By A. Brytney Reaves

Before I started the MCBS Program I was a drifter, lost only to the winds of uncertainty.

Should I indulge in my passions for the ethereal zephyr that is music? Perhaps my ambitions behind my grand declaration of successful business ownership and financial status would convince me to study such a trade.

I had always thought I wanted to be an entrepreneur.

I knew I loved music and writing and broadcasting but those affections were too frivolous, outlandish and childlike to produce a substantial career or build a strong foundation for a financially stable lifestyle.

So, doing the “adult” thing to do, I dove into the review of the world of money, contracts and laws. Alas, I was wayward in my logical, yet heartless decision to study Business.

Little did I know that I would be stuck in the blue collar drift, longing for a life of fulfillment, peace and happiness.

My spirit of ownership became bruised but had never died.

Even still, I had yet to experience myself as my own personal leader successfully navigating towards my dream life.

I wished to write, travel and be wealthy at the same time. I wanted to help people and write literature to be studied centuries after my death.

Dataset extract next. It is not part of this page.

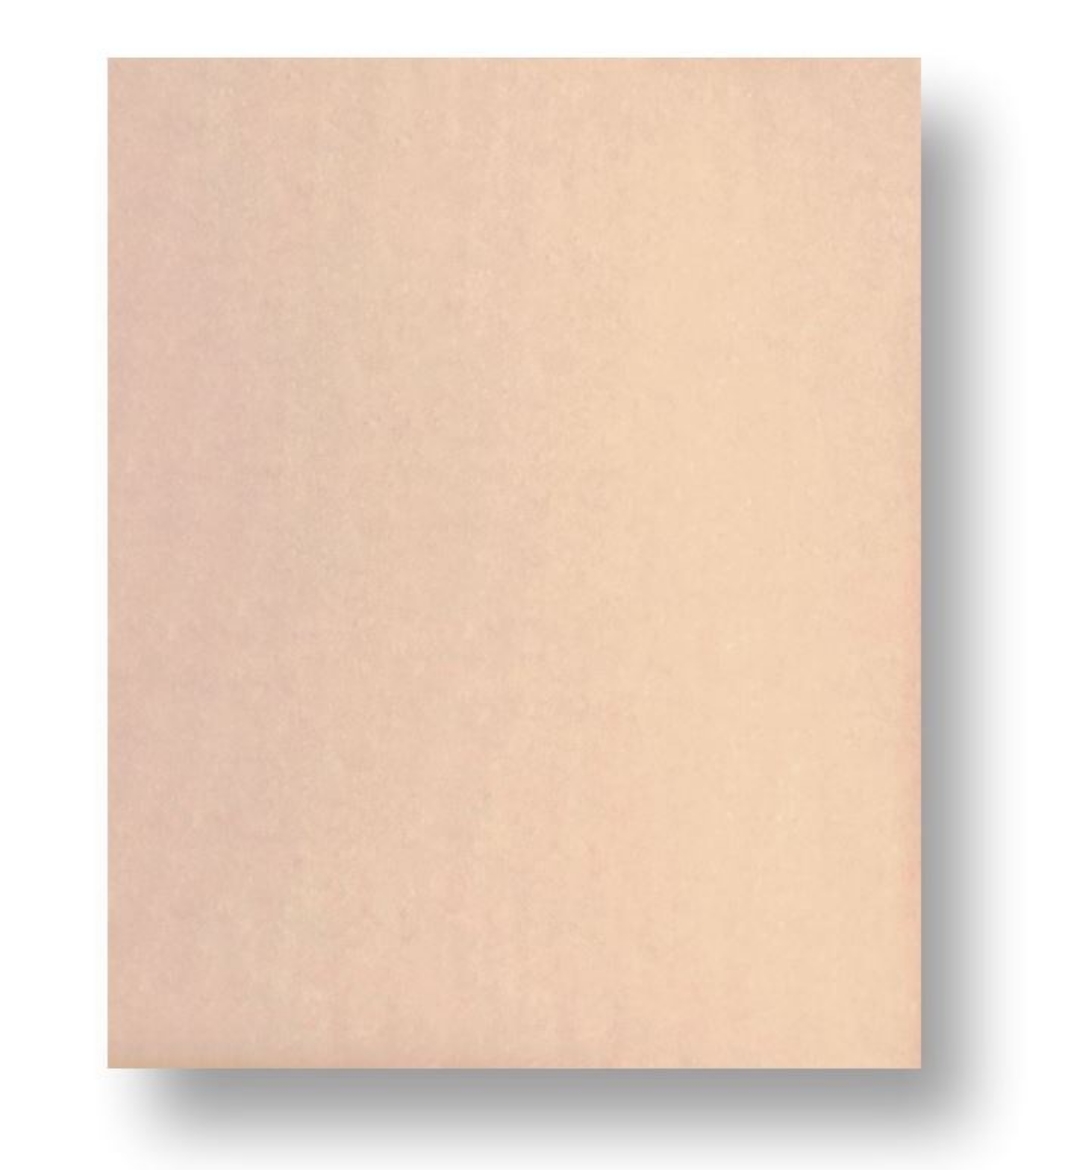 Picture of ABRASIVE SHEETS DRY - ALUMINIUM OXIDE 230 X 280MM - 180 GRIT (PACK OF 50)

Unfortunately, studying Business reminded me more of what I loathed than what I loved. It reminded me of the economic bondage so many of my peers fell under.

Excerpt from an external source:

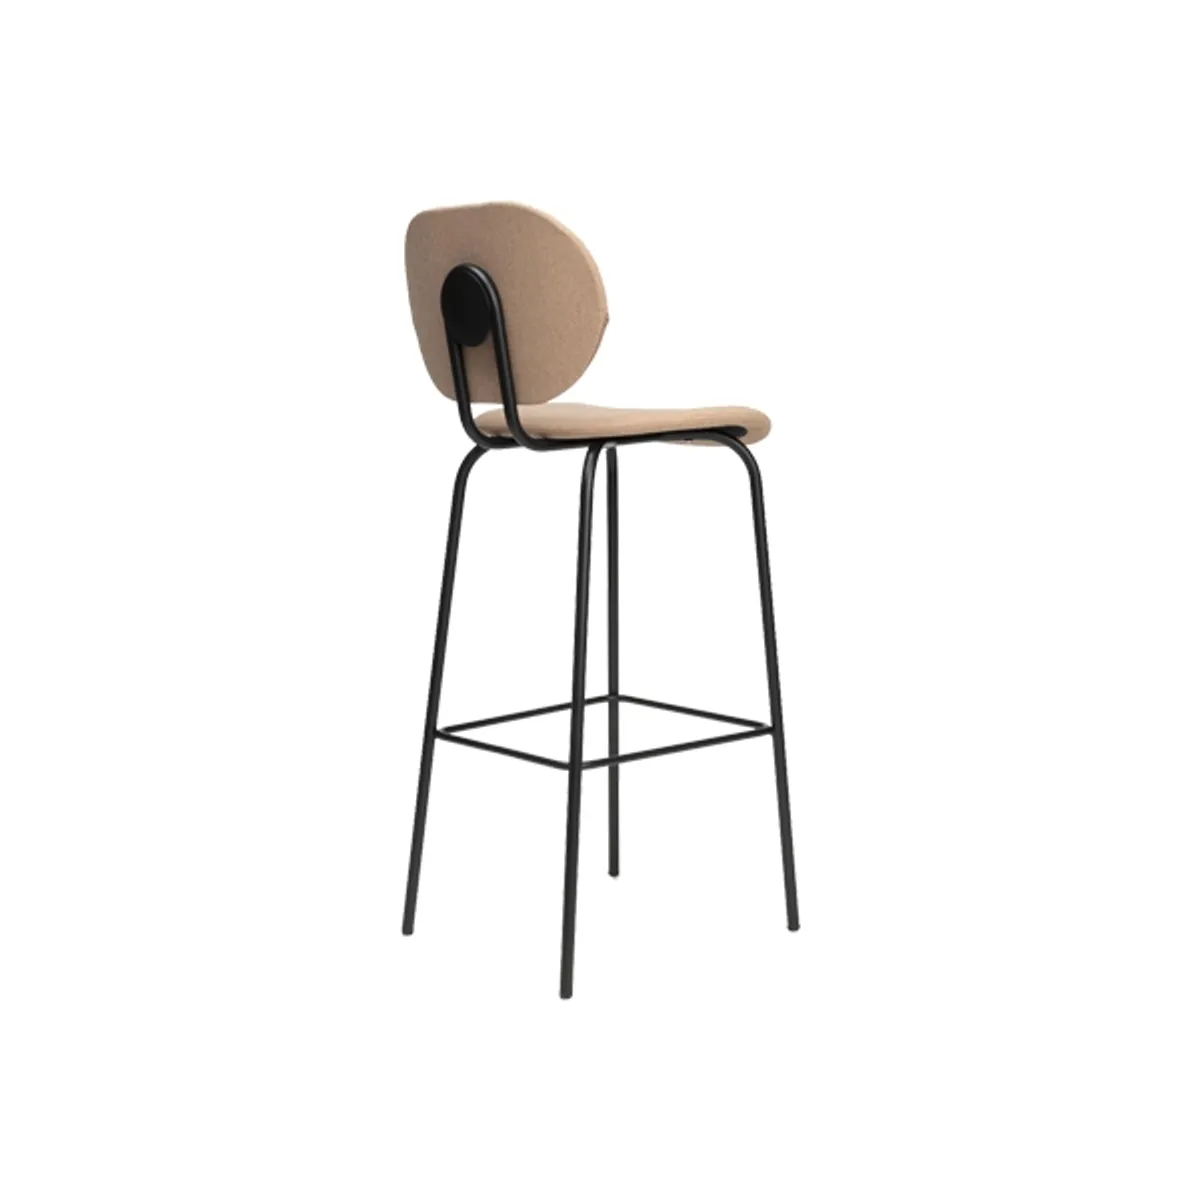 Hattie bar stool Inside Out Contracts6

The antipathy I felt towards the “mundanity” (mundane sanity) of this every day life colored my visage in the darkness of dissatisfaction.

I struggled with the practice of being “normal” while my soul needed to show its uniqueness.

I had a light that refused to dim but couldn’t really be seen. I was like a lighthouse flashing black light over the seas of my desires, passions and my authenticity.

   Finally, along came a familiar butterfly carrying a small glimpse of hope upon its wings. It danced to the tune of possibility around my heart, following a dormant trail that connected to my mind.

I awakened to my true and authentic self, the self that longed for my wisdom, my poetry, and my voice to be heard.

I knew the MCBS program would be key to fulfilling my desires.

Ever since I decided to pursue my passion for media, I have labored in my love for writing and creating.

I am many steps closer to my dream life and only with a whisper of hope and gusts of faith do I continue. The tools I’ve always needed have been provided and now I begin my journey.